Thermal simulations that include combustion are required to quantify the incremental oil, the oxygen consumption and resulting oxygen distribution from the application of HPAI in a given field. Once such a simulation model is available, it can be used to optimize the injection strategy: strategies that have a good incremental recovery while reducing the amount of gas injected are key to a successful project. The injection rate is bounded by a technical lower limit and an economic upper limit: there is a minimum rate required to maintain the combustion and high rates require larger compressors that are more expensive.
This paper focuses on the optimization of the injection strategy for HPAI in a 3D model with realistic geological features. Numerical simulations with a thermal model that includes combustion were conducted for continuous versus alternating air injection.
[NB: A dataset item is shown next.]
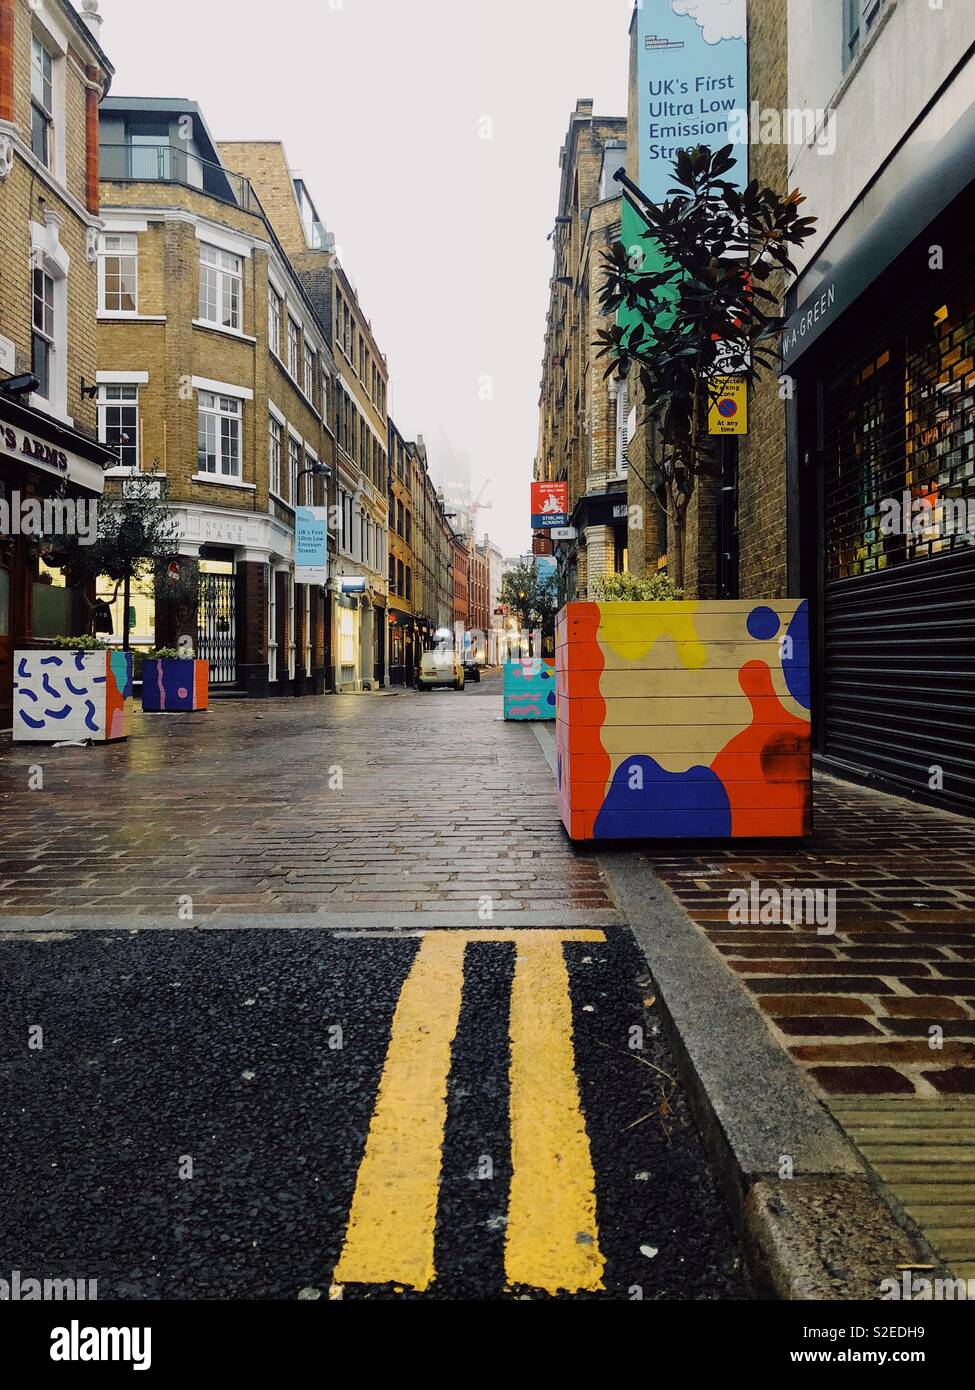 Charlotte Straße in Shoreditch, London, England. Bunte Pflanzmaschinen von Street Artists. UKs erste low emission Straße. Doppelten gelben Linien sind sichtbar auf der Asphaltstraße Stockfoto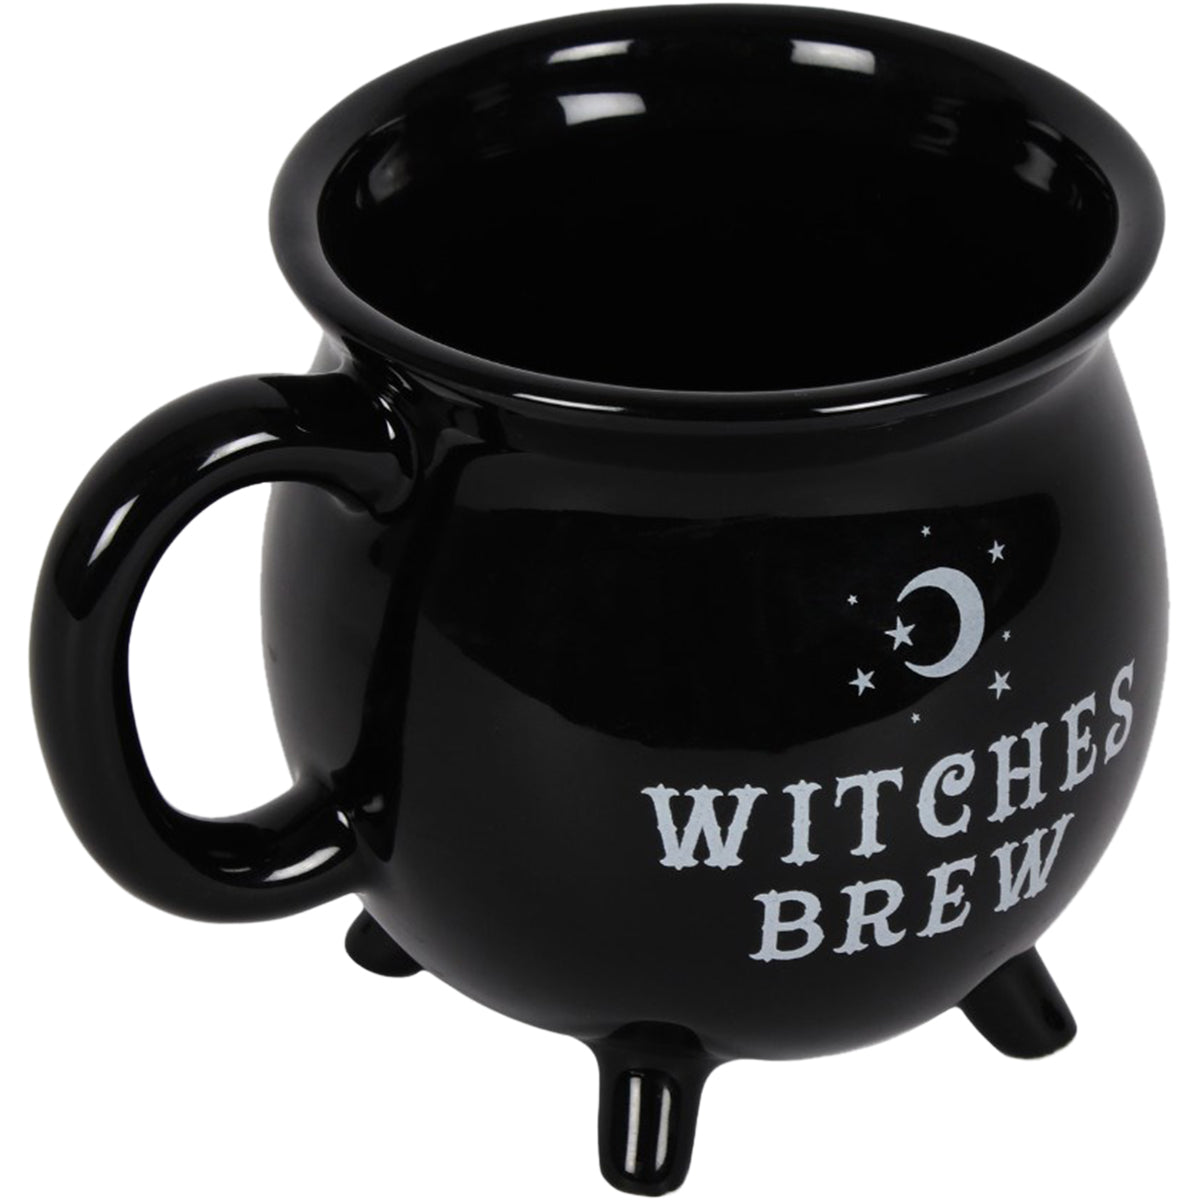 MUG WITCHES BREW - Mug Cauldron

A critical assumption for alternating air injection in that the remaining oil spontaneously re-ignites.
This study shows that water alternating air injection has a great potential to improve HPAI projects: project life can be extended and incremental recovery is improved when compared with continuous air injection. In addition, the variation in distribution of oxygen between different cycles is presented. This also illustrates that the numerical model can be used as an oxygen management tool. The effects of alternating air injection are comparable to the effects of alternating gas injection: the saturation in the swept areas changes due to the alternating (re-) invasion of gas, oil and water.
This paper illustrates that modeling oxygen consumption is essential for the evaluation of potential risks and optimization of the HPAI process.